→ What you have to do: Only the stretch below from the line holding "Young セクシー woman" through the line holding "Potter and the" should be restated, word for word and with both ends included; pictures stay out.

→ Supplied information:
Content starts

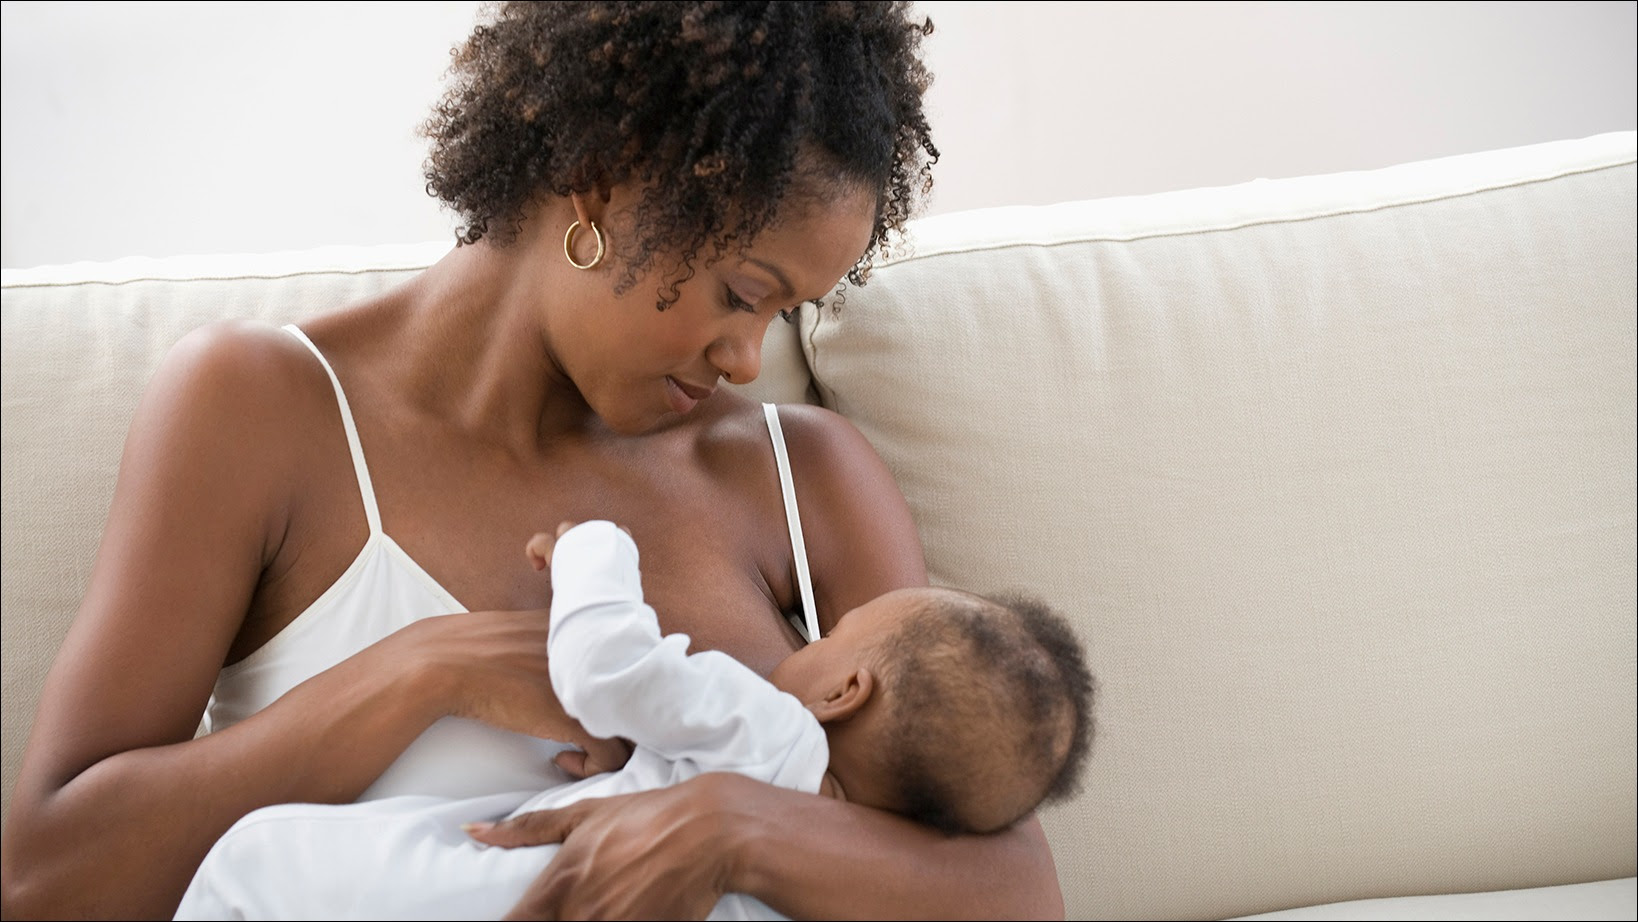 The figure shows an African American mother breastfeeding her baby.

Content ends
Content starts

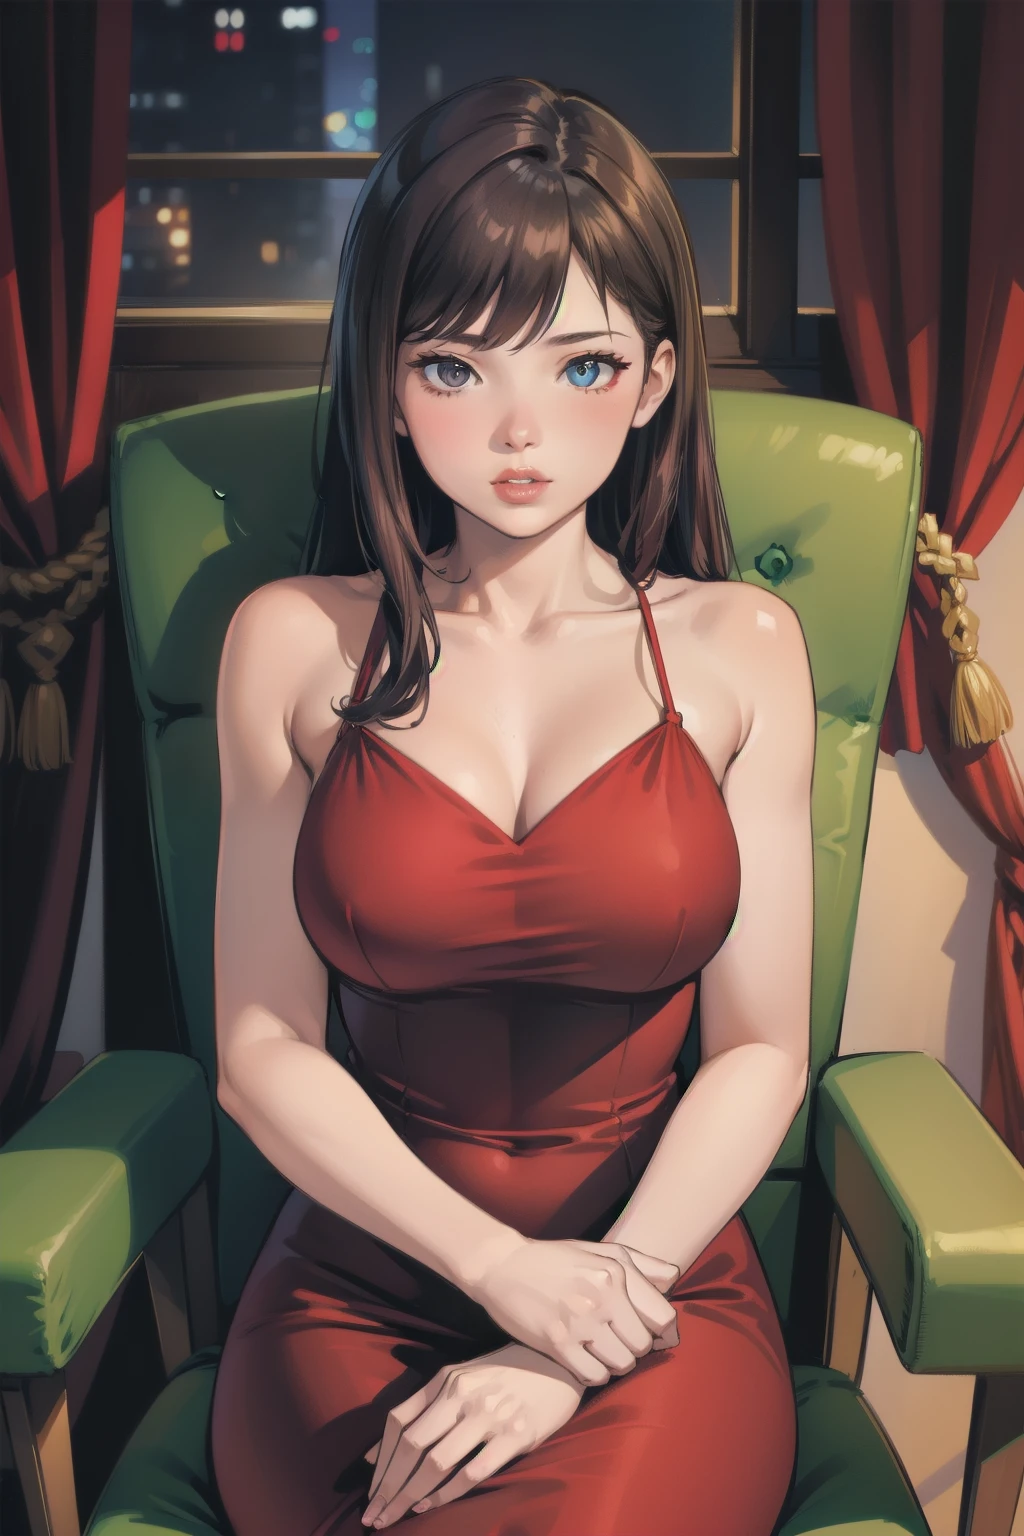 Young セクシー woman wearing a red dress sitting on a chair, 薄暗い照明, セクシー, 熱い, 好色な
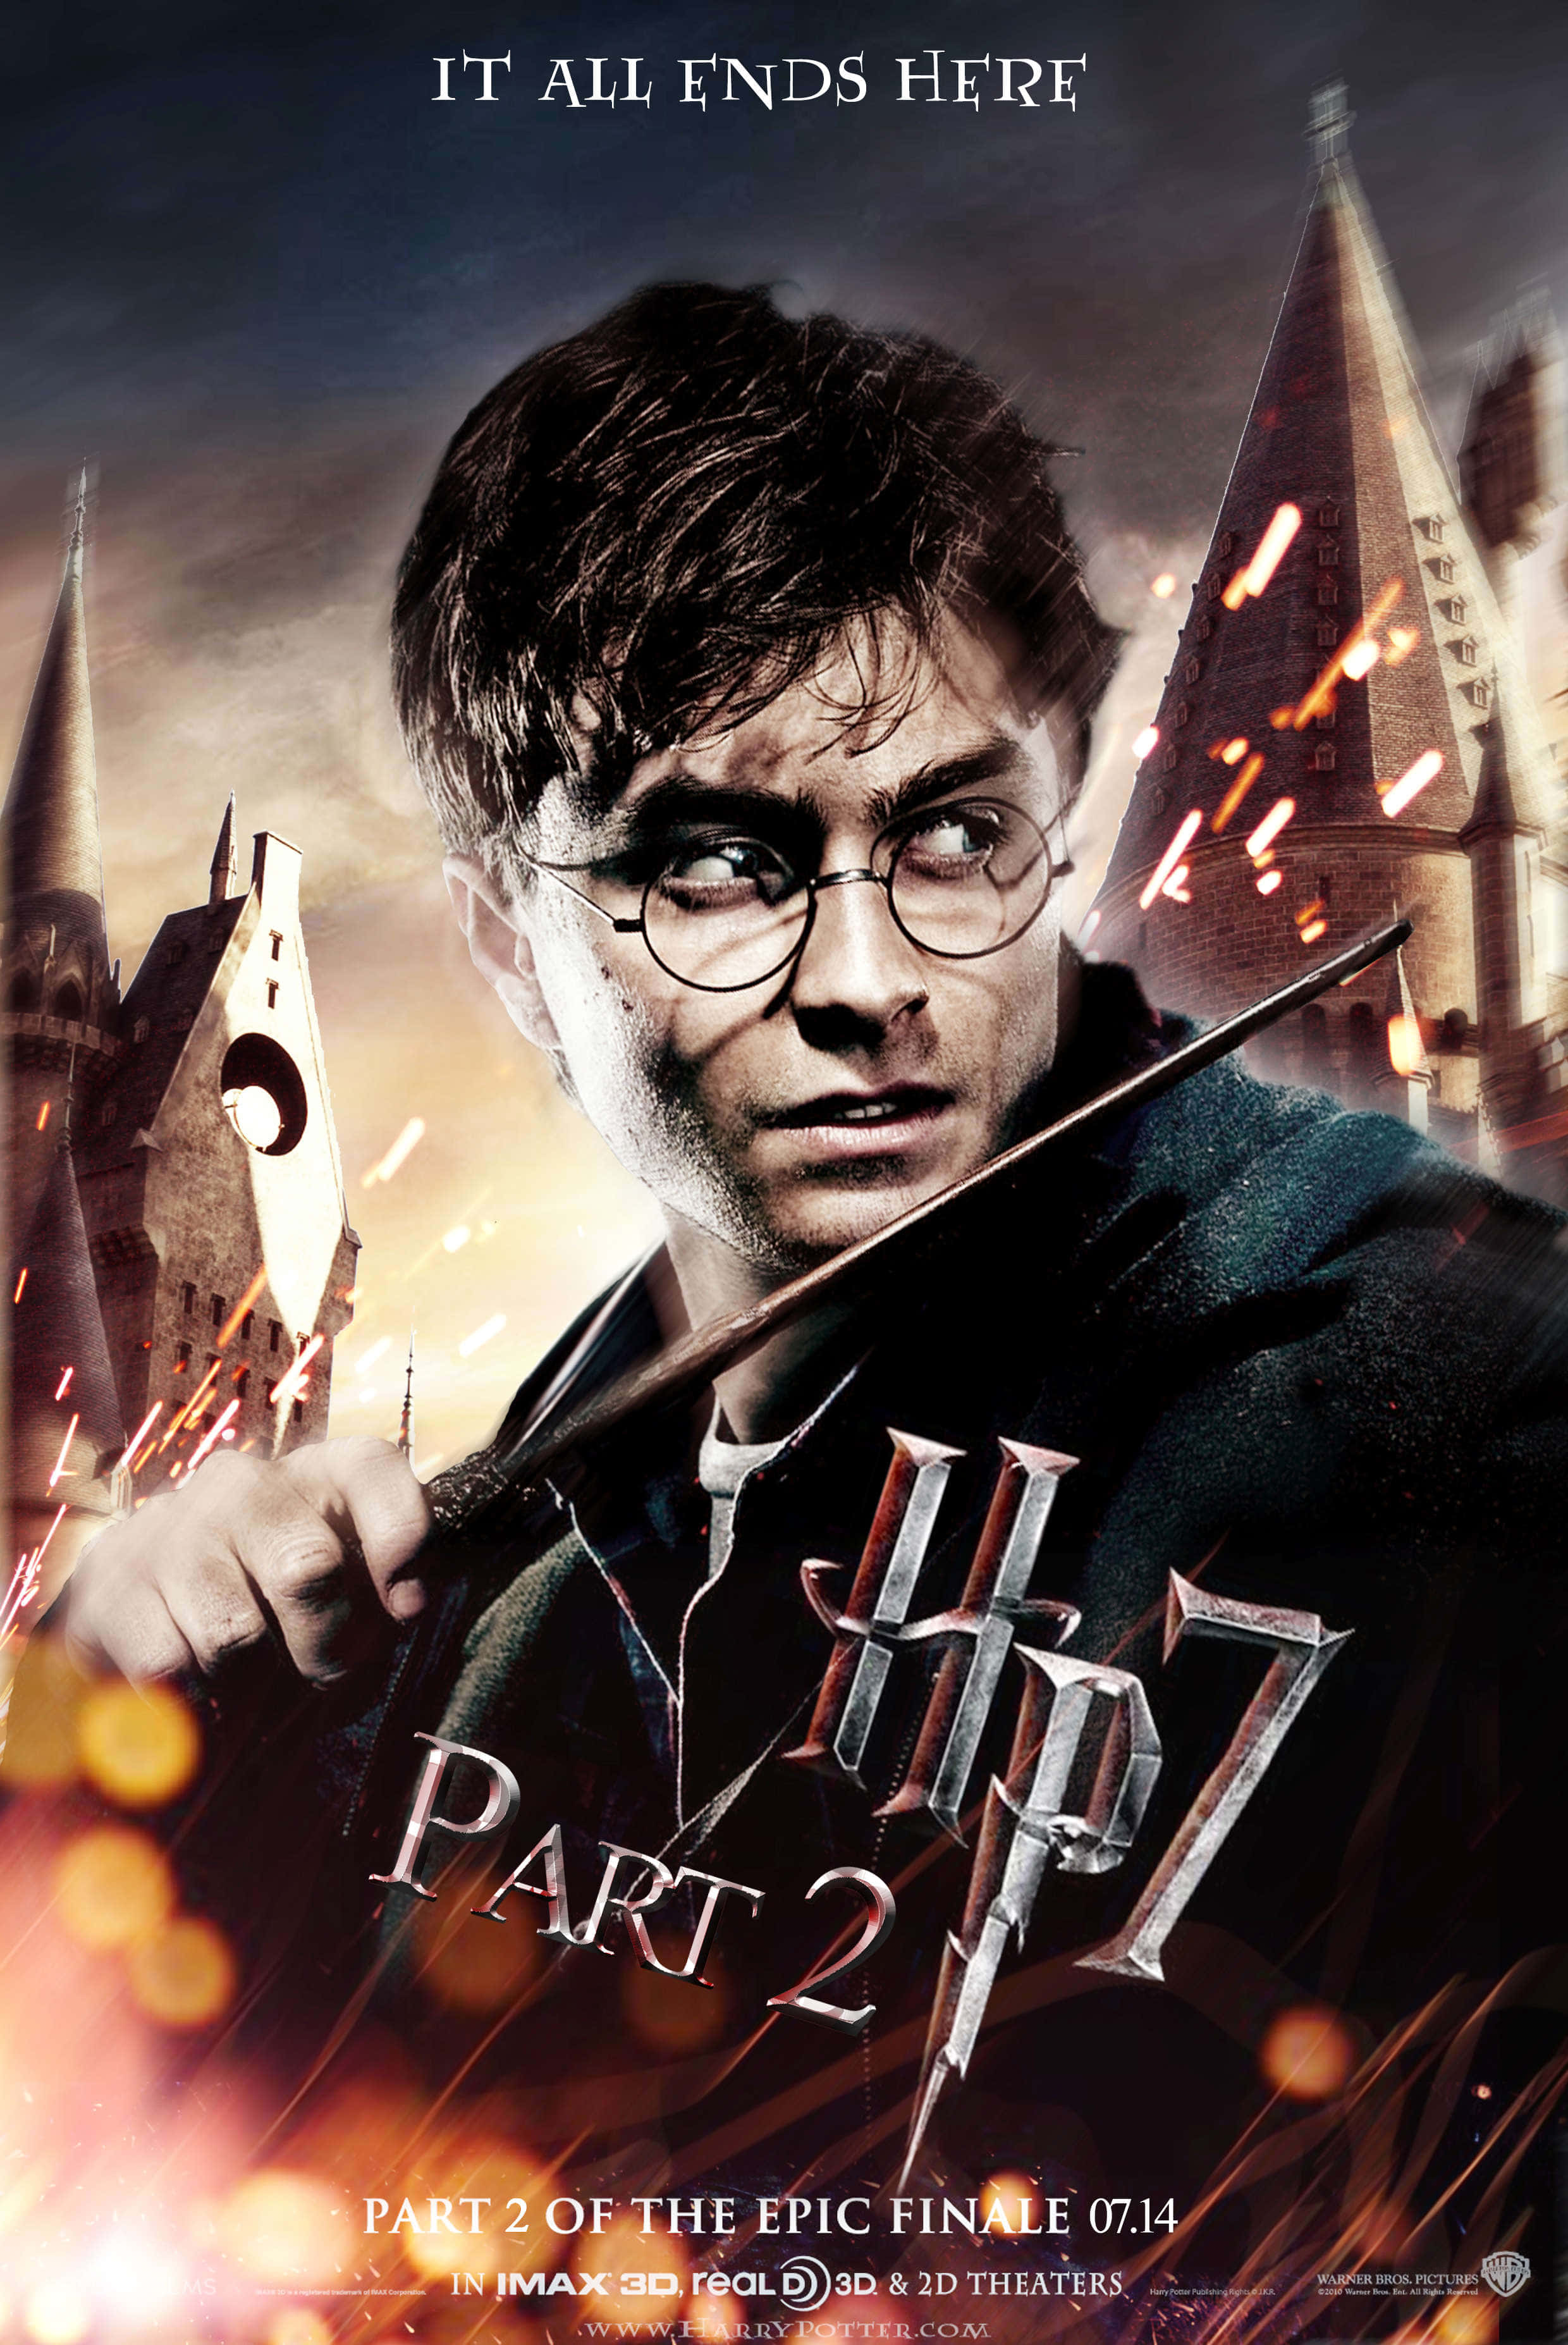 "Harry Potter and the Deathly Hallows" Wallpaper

Content ends

→ Task solution:
 Young セクシー woman wearing a red dress sitting on a chair, 薄暗い照明, セクシー, 熱い, 好色な
 "Harry Potter and the Deathly Hallows" Wallpaper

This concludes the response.